А.Б.: Отменили. Значит, прошло дело. Это кстати хороший проект, который я придумал – историю концов света. Была бы грамотная книжка. Потому что «гром не грянет, мужик не перекрестится». А гром грянул, вообще-то говоря, или какой-то там первый ангел вострубил. Все это достаточно хорошо расписано. Иначе я не могу оправдать. Потому что я видел уже очень много наркоманов, зависших в этой паутине. Я потерял весьма близкую подругу. На моих глазах она ушла в тот мир и не вернулась. Ну заторчала, как наркоман на ложной связи. По телевидению дают какую-то постоянную информацию об этом и присказку: «Не запутайтесь в паутине». Прощание такое по интернетным новостям. Не потеряйтесь в паутине. Предупреждение возможное. Я вижу как мой сын торчит, отменяя все книжки ради компьютерных игр. Им надо научиться, как на этом играть, как надо учиться играть на скрипке, на рояле и т.д. Я уже навсегда с отрубленными пальцами. Это уже не мое. Но это не значит, что это плохо.
И я иногда думаю, что моя тупость это вражда. Я придумал, что она сродни ревности старой красавицы к молодым пэтэушницам. Потому что ничего примитивнее, чем управлять компьютером, нет. Она знает, как она блистала, ей кажется нелепым, что у этой только голые коленки, а она более желанна. Может быть, я так оправдываю свою лень. Но компьютер объяснил мне меня, и этого уже достаточно. Дальше я уже ленюсь и начинаю использовать других, чтобы пользоваться, конечно, всеми компьютерными возможностями.
Теперь для чего весь этот мой рассказ? Я продолжаю ту же линию. Чтобы освободить человека от того, чем его мозг не обязан заниматься, помочь ему. Так же как в свое время возникали изобретения, отменявшие всякую косность в искусстве для того, чтобы возвратиться к его природе.
Мозг наш для более высоких задач! Он, например, обладает интуицией, которой эта машина по-прежнему не обладает. Может быть, придумают какие-то варианты интуиции. Но наш мозг все равно не машина. Значит надо понять – в чем же наш мозг не машина. Это очень важный момент.
Может быть, наш мозг – космос, может быть это – душа, может быть он – Бог, может быть он – молитва. Тут может быть бездна взглядов. Но наш мозг и с появлением компьютеров остался мозгом.
Это так же важно, как то, что художник, после изобретения фотоаппарата, остался художником.
Илья Шенкер: Не могу не добавить, насколько это верно. Когда появилась фотография, огромное количество плохих и посредственных художников испугалось. А Рембрандт –– нет. Он остался художником. Фотография не помешала ему.

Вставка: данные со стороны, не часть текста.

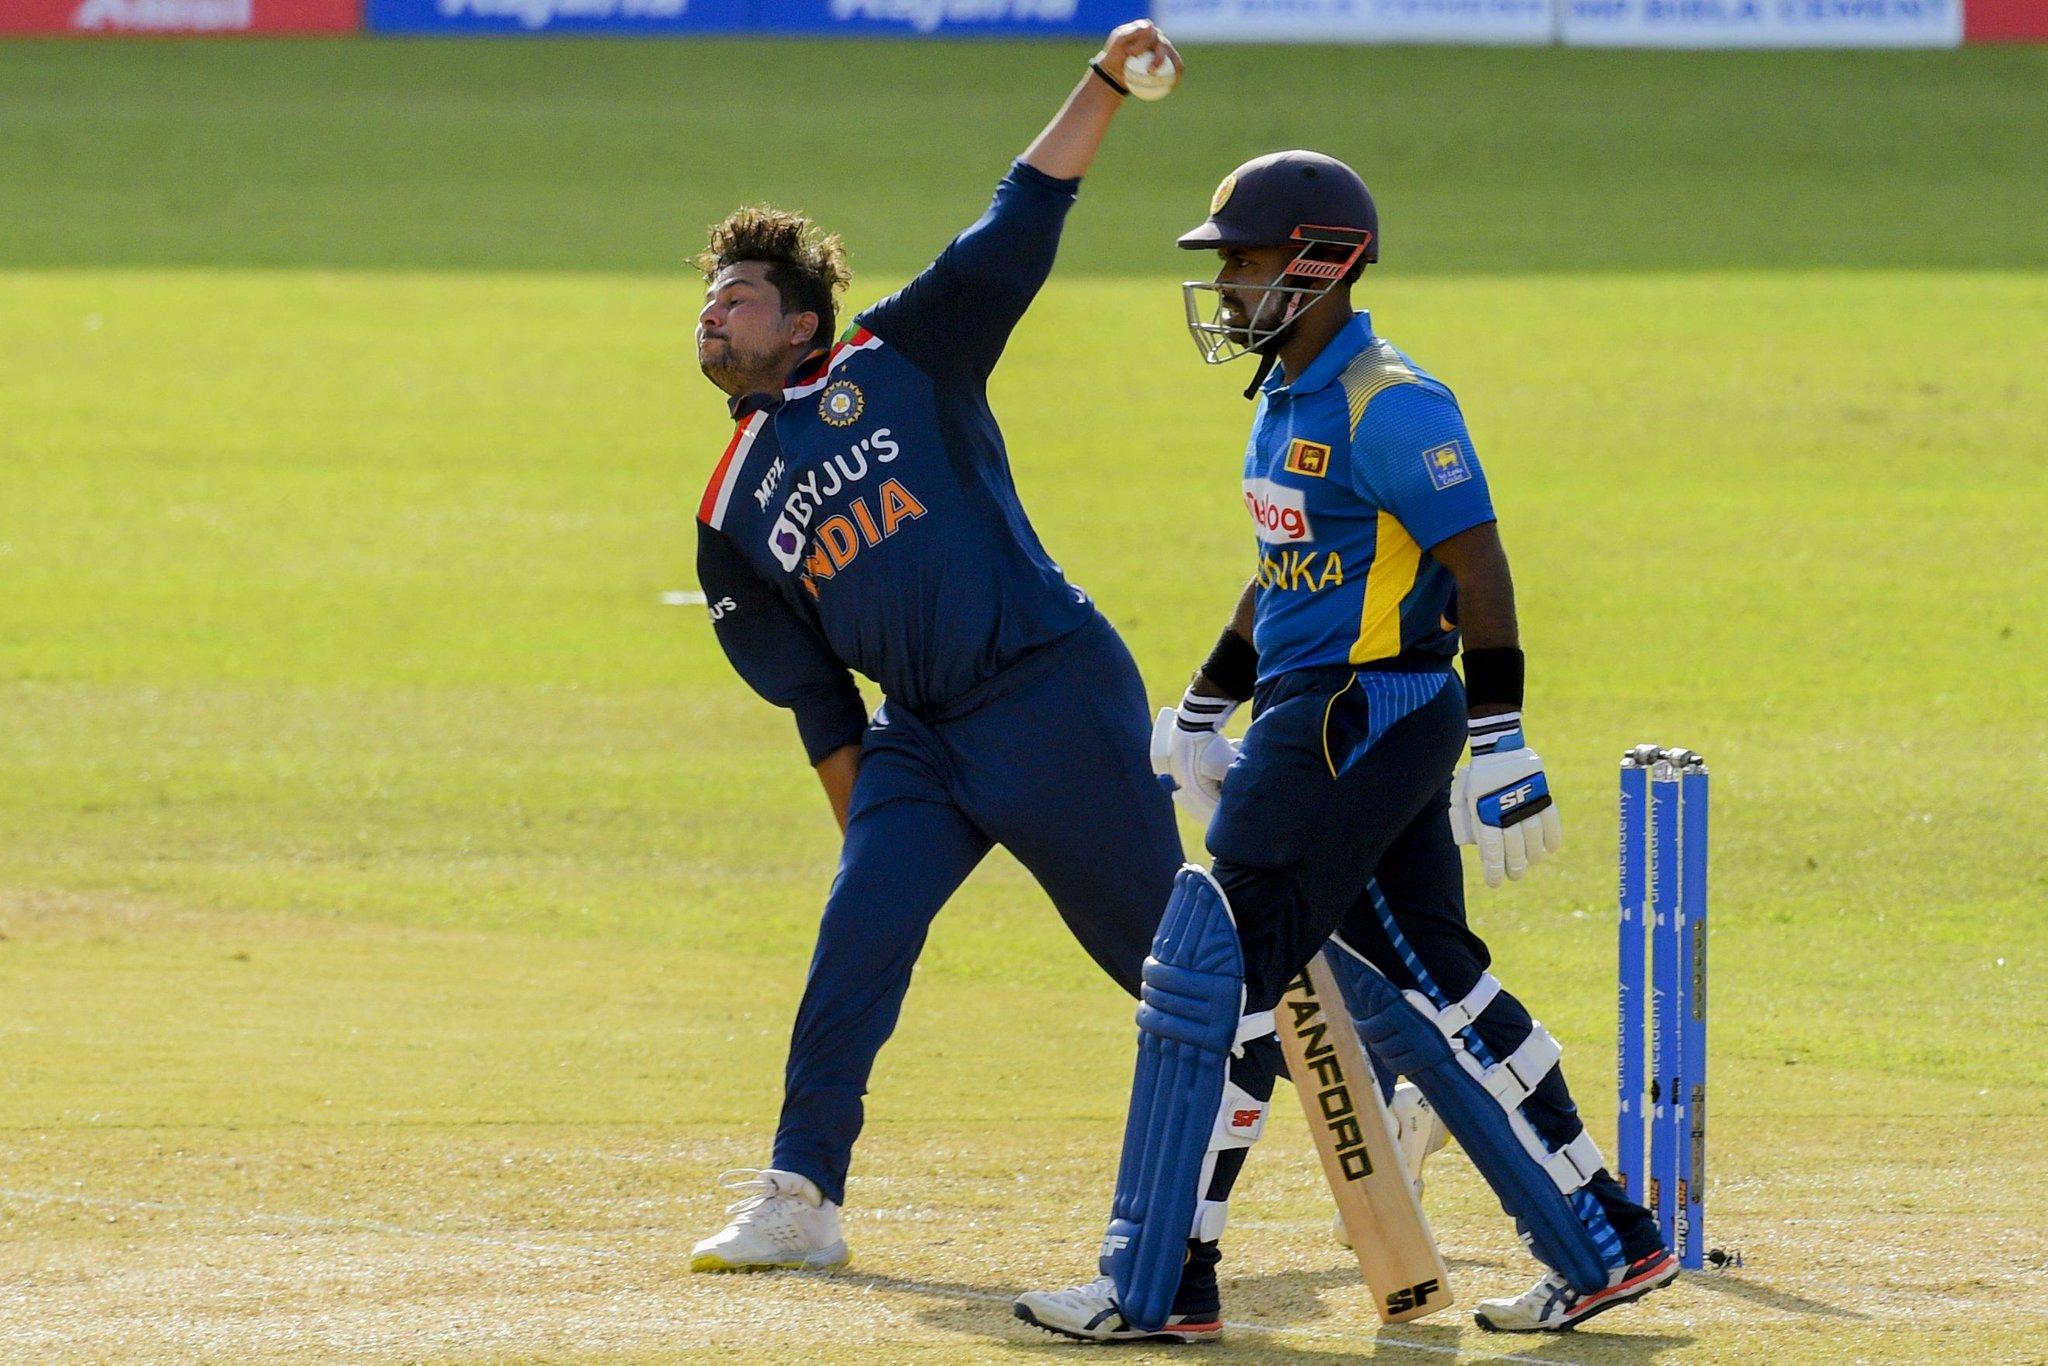 कुलदीप ने श्रीलंका को 17वें ओवर में 2 झटके दिए। उन्होंने भानुका राजपक्षा और मिनोद भानुका को आउट किया।

А.Б.: Так же, как роман после изобретения кино остался романом. Так что изобретение освобождает, а не закрепощает человека. Это идеальный взгляд на вещи. А закрепощение происходит у тех, кто хочет, чтобы все так и осталось: я достигну совершенства в том, что мне дано, да? Это, значит, будем технологизироваться, ну, абсолютизироваться и потом выродимся, неизбежно. А прогресс тем временем будет идти. Значит, если мы не поймем, от чего нас освободил компьютер, для каких задач, то тогда и незачем было его изобретать.
Я повторяю свой тезис, что всякое изобретение, – для того чтобы освободить человеческое сознание, а не для того чтобы его закабалить. Я в этом убежден. Вся история развития мне это доказывает.
Л.Ш.: Очень интересно вы все это рассказали. Но у меня такое ощущение, что в данном случае человечество все же не приближается к идеалу. Я сказала как-то Президенту нашего Центра Культуры, научному руководителю лабораторией мозга, профессору Нью-Йоркского Университета Илье Глезеру: «Ведь человек страдает безумно от того, что знает о бренности своей, о том, что смерть неизбежна, и придумывает всякие спасительные религиозные истории, из-за которых возникают распри и кровавые войны. И все же продолжает страдать. Он ответил: “Все несчастье в том, что (Бог, может быть, тут совсем не виноват) природа создала всё живое на земле: медведей, оленей, тюленей, обезьян, которые не размышляют по этому поводу, а человек – это ее ошибка. У него слишком разросся мозг. И вот этот преувеличенный по размерам мозг стал источником человеческих страданий.” Потому что он думает над тем, над чем, по мнению Ильи Глезера, все земное думать не должно. Это точка зрения чисто биологическая.
А.Б.: Примитивная экстраполяция, на мой взгляд! Я беседовал с другим мастером мозга, сейчас не помню его фамилию, меня больше интересуют функции мозга, чем его размеры. И маленький мозг думает, и большой. Это не функции мозга преувеличены, а отношение человека к себе преувеличено, это другое дело.
Л.Ш.: Но ведь отношение человека к себе – это как раз продукт деятельности его мозга…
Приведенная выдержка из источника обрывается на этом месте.